Derivation: $\text{Var}[w] = 2 / n_\text{in}$ (fan-in mode).
Normal variant:
\[w \sim \mathcal{N}\!\left(0,\ \frac{2}{n_\text{in}}\right)\]Uniform variant:
\[w \sim \text{Uniform}\!\left(-\sqrt{\frac{6}{n_\text{in}}},\ \sqrt{\frac{6}{n_\text{in}}}\right)\]Fan-out mode: $\text{Var}[w] = 2/n_\text{out}$. Use when concerned about backward pass stability.
Default initialization in PyTorch for Conv2d and in most ReLU networks.
LeCun Initialization
Designed for: SELU activations (self-normalizing networks).
\[w \sim \mathcal{N}\!\left(0,\ \frac{1}{n_\text{in}}\right)\]Ensures the self-normalizing property of SELU is maintained from initialization.
Orthogonal Initialization
Initialize weight matrix as a random orthogonal matrix (uniformly sampled from the Stiefel manifold). Constructed via SVD of a random Gaussian matrix.
Advantage: singular values all equal 1 at initialization; preserves gradient norms exactly.
Use: RNNs (combats vanishing gradients over time); very deep residual networks.
Comparison
| Method | Designed For | $\text{Var}[w]$ |
|---|---|---|
| Xavier (Glorot) | Sigmoid, Tanh | $\frac{2}{n_\text{in} + n_\text{out}}$ |
| He (Kaiming) | ReLU, Leaky ReLU | $\frac{2}{n_\text{in}}$ |
| LeCun | SELU | $\frac{1}{n_\text{in}}$ |
| Orthogonal | RNNs, deep nets | Spectral norm = 1 |
Bias Initialization
- Standard: $b = 0$. Symmetry breaking is provided by weight init; zero bias is neutral.
- ReLU networks: sometimes initialize $b = 0.01$ to ensure all neurons are active at the start.
- Output layer: can be initialized to match the empirical class prior (for classification) or target mean (for regression) to speed up early training.
Batch Normalization and Initialization
Batch normalization (see Batch Normalization) makes training less sensitive to initialization by normalizing pre-activations at each layer.
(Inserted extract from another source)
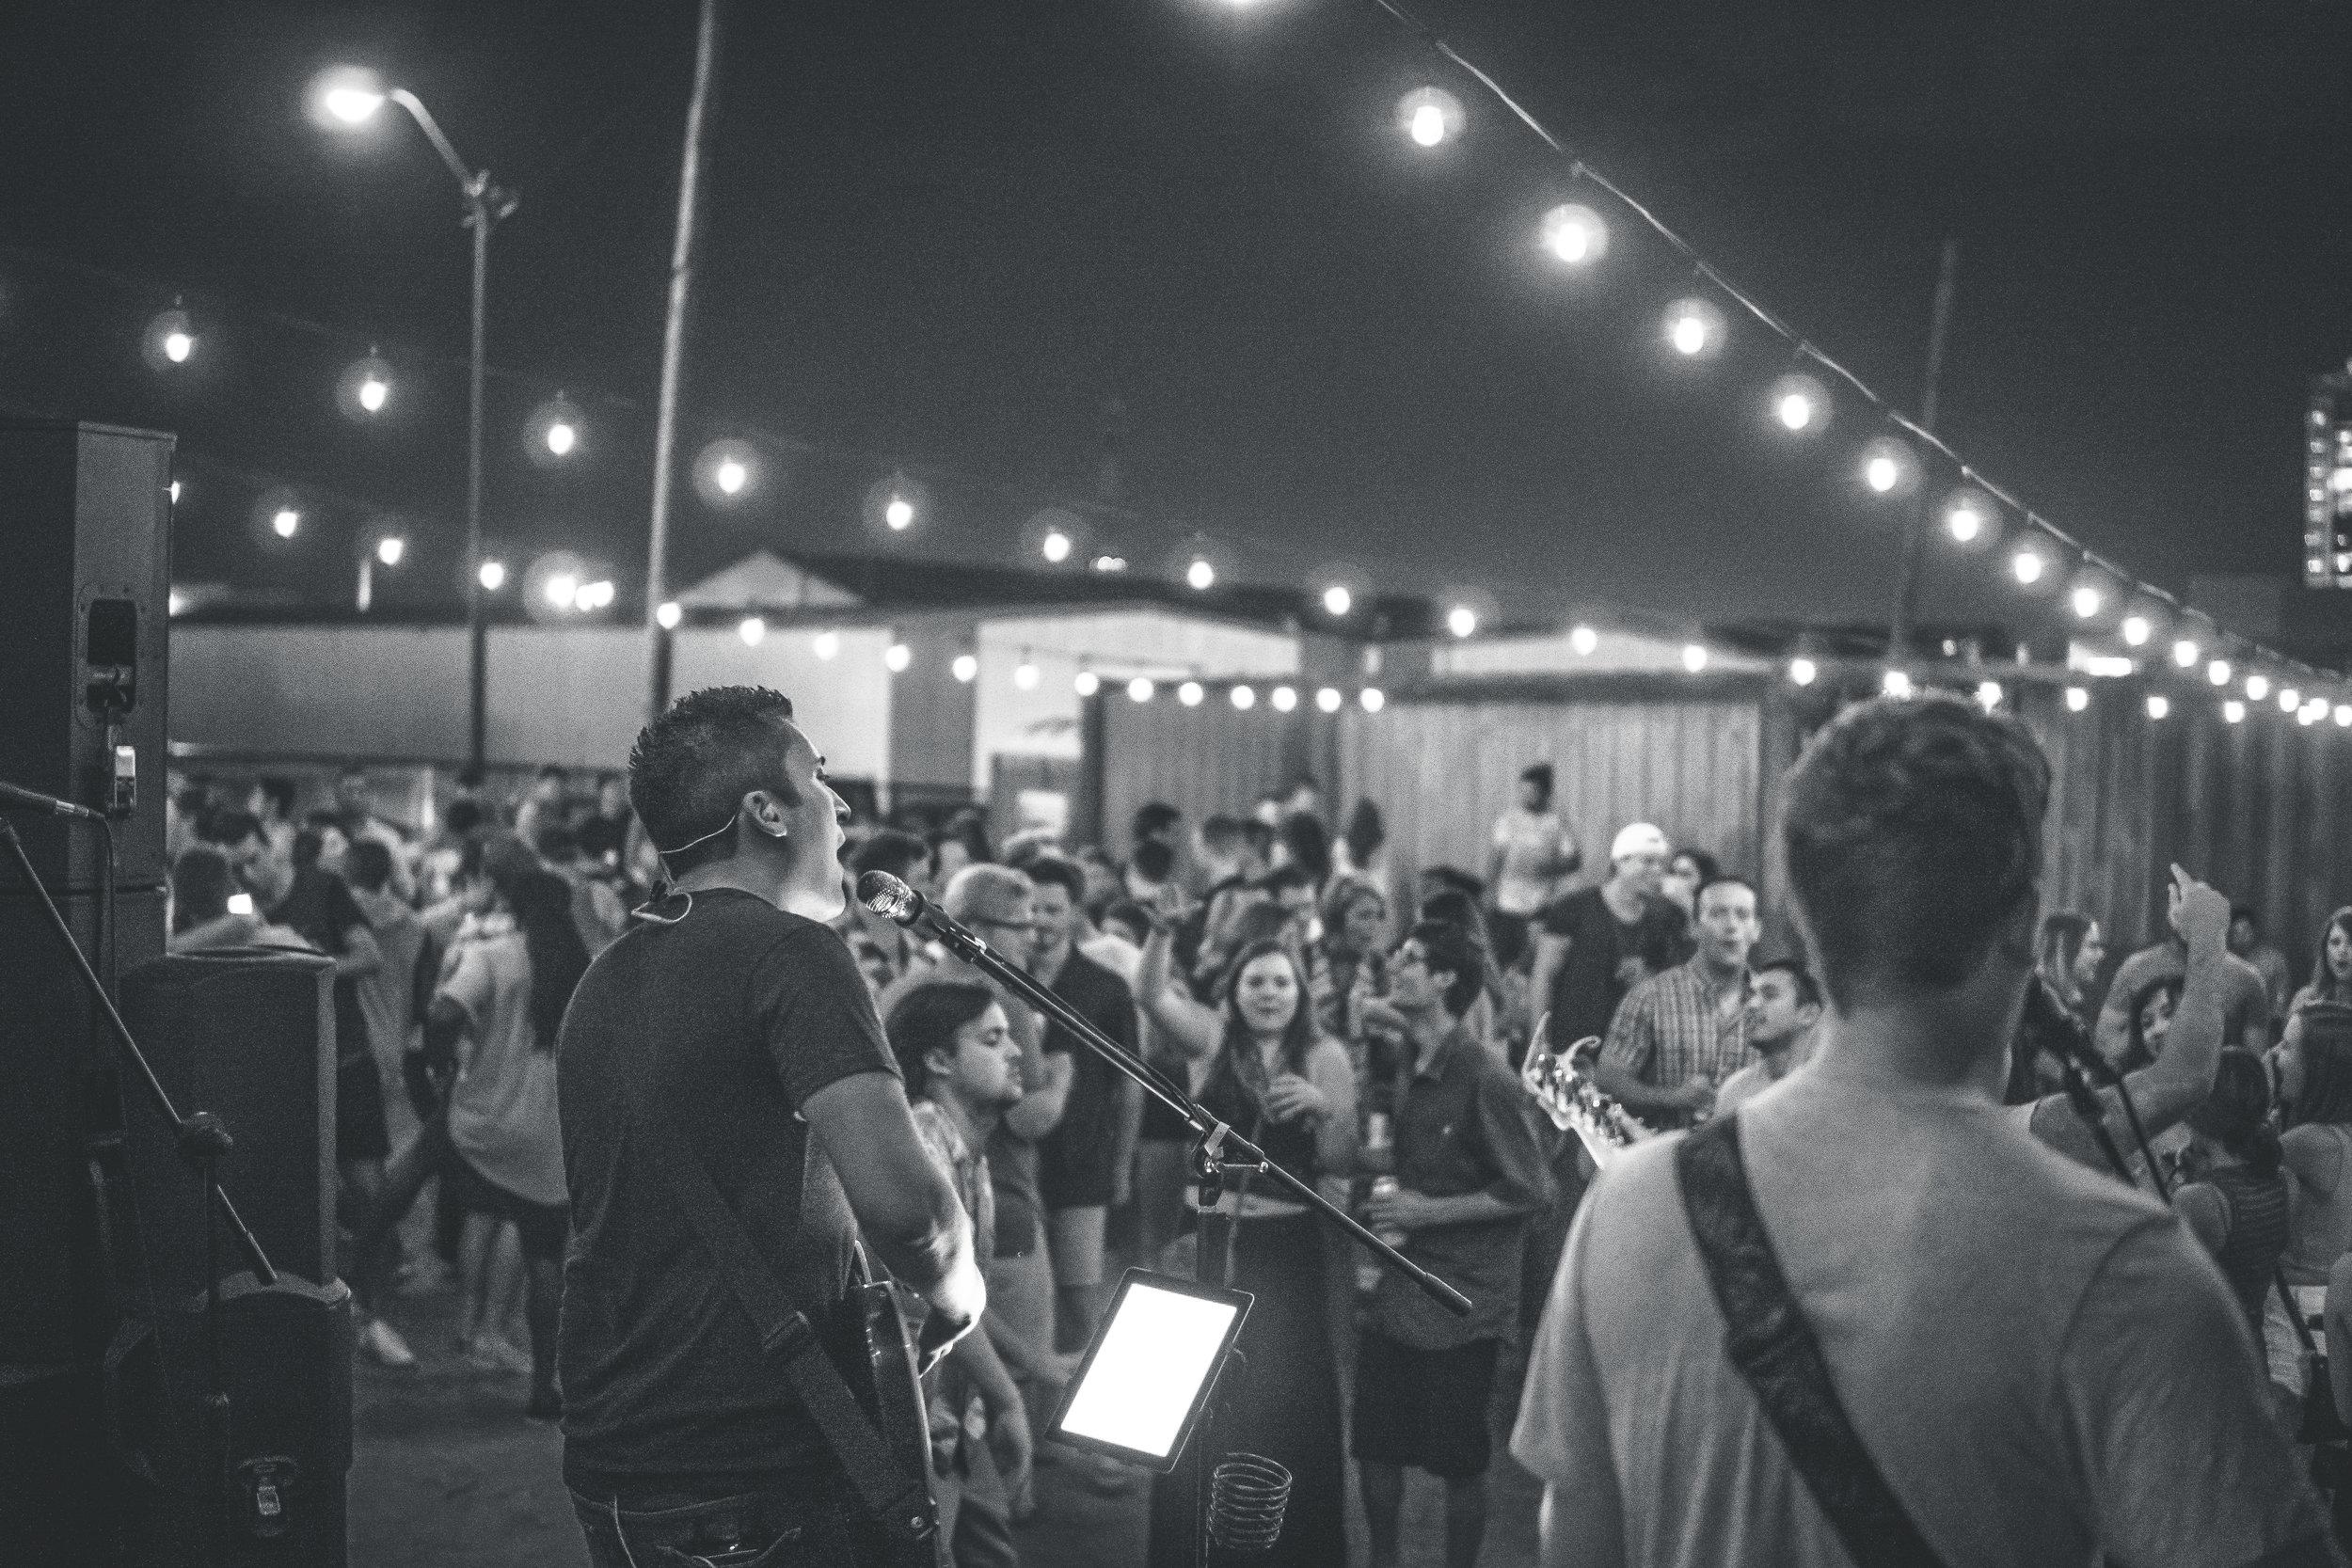 FM Pilots - Tulsa Rock Band - at Inner Circle Vodka Bar 072916-5.jpg
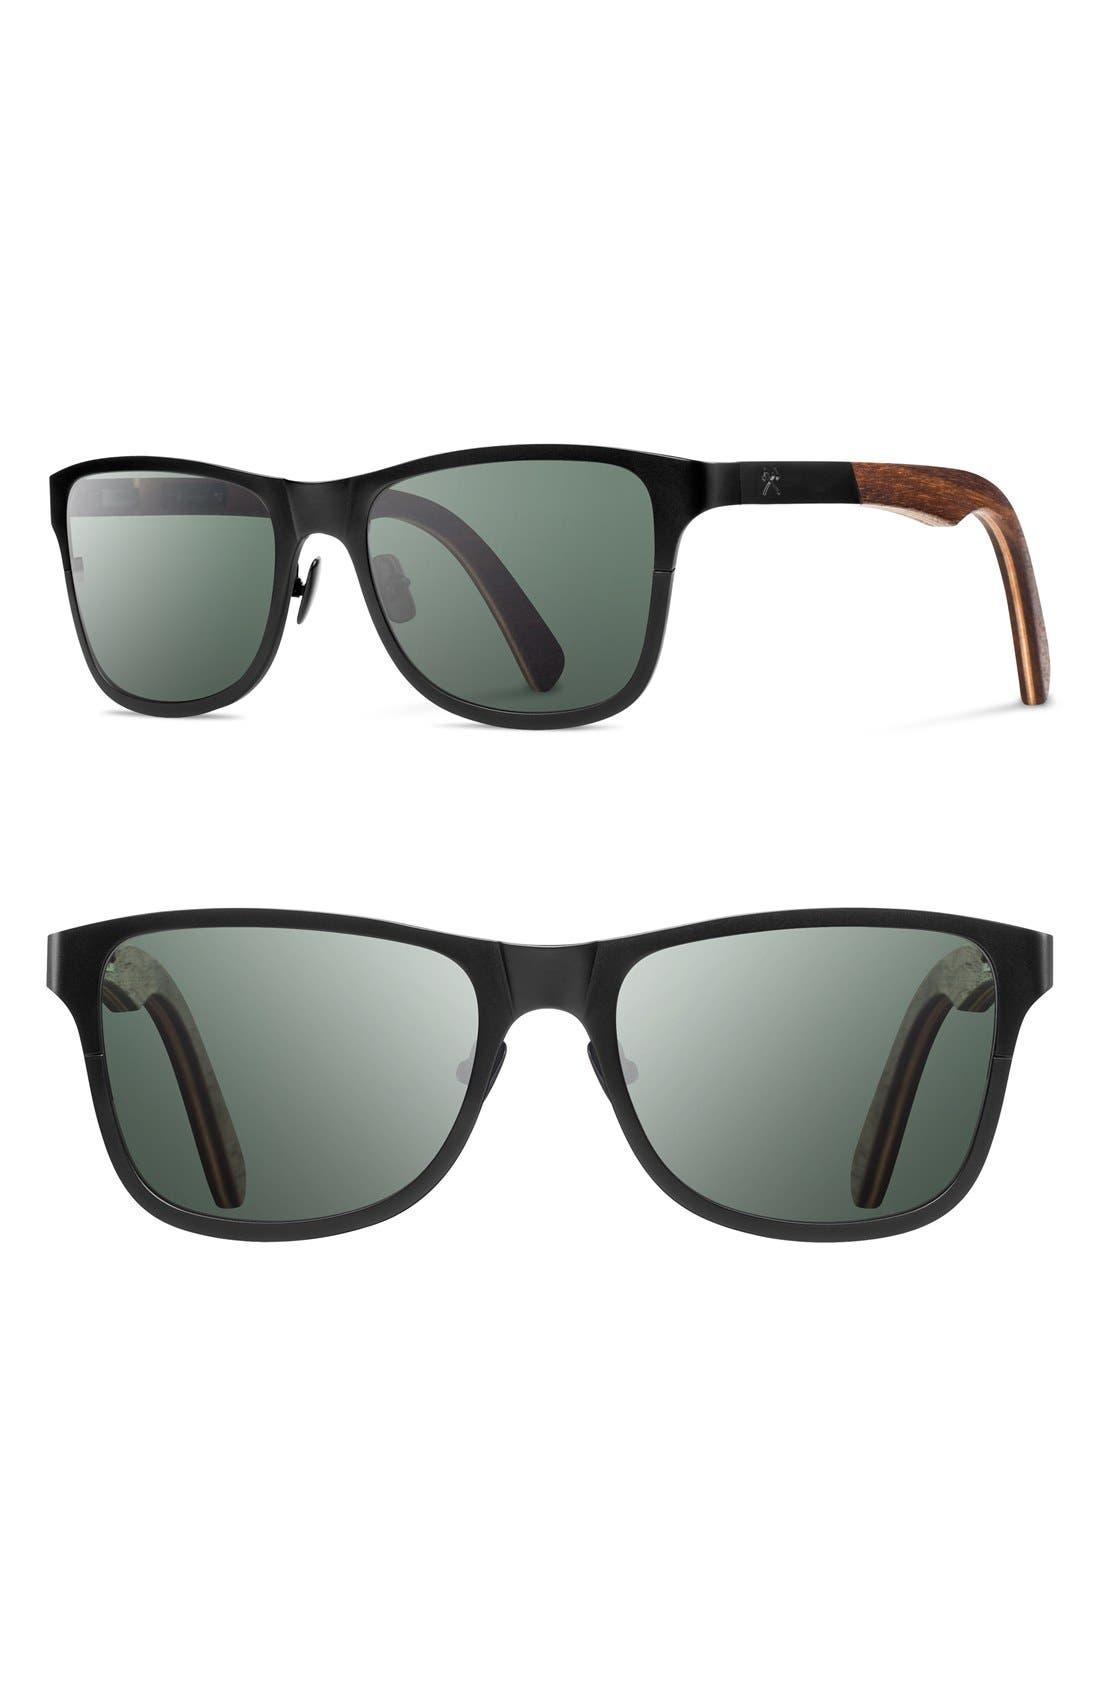 Alternate Image 1 Selected - Shwood 'Canby' 54mm Polarized Titanium & Wood Sunglasses

With BN, initialization becomes less critical but still affects training dynamics in the first few steps before BN statistics stabilize.
Practical Recommendations
- Default ReLU/Leaky ReLU network: He initialization.
- Sigmoid/Tanh network: Xavier initialization.
- SELU network: LeCun initialization with normal distribution.
- Transformers: Xavier normal is common; small init (scaled by $1/\sqrt{2L}$) sometimes applied to residual connection weights.
- RNNs: orthogonal for recurrent weights; Xavier/He for input-to-hidden weights.
- Always initialize biases to zero unless there is a specific reason not to.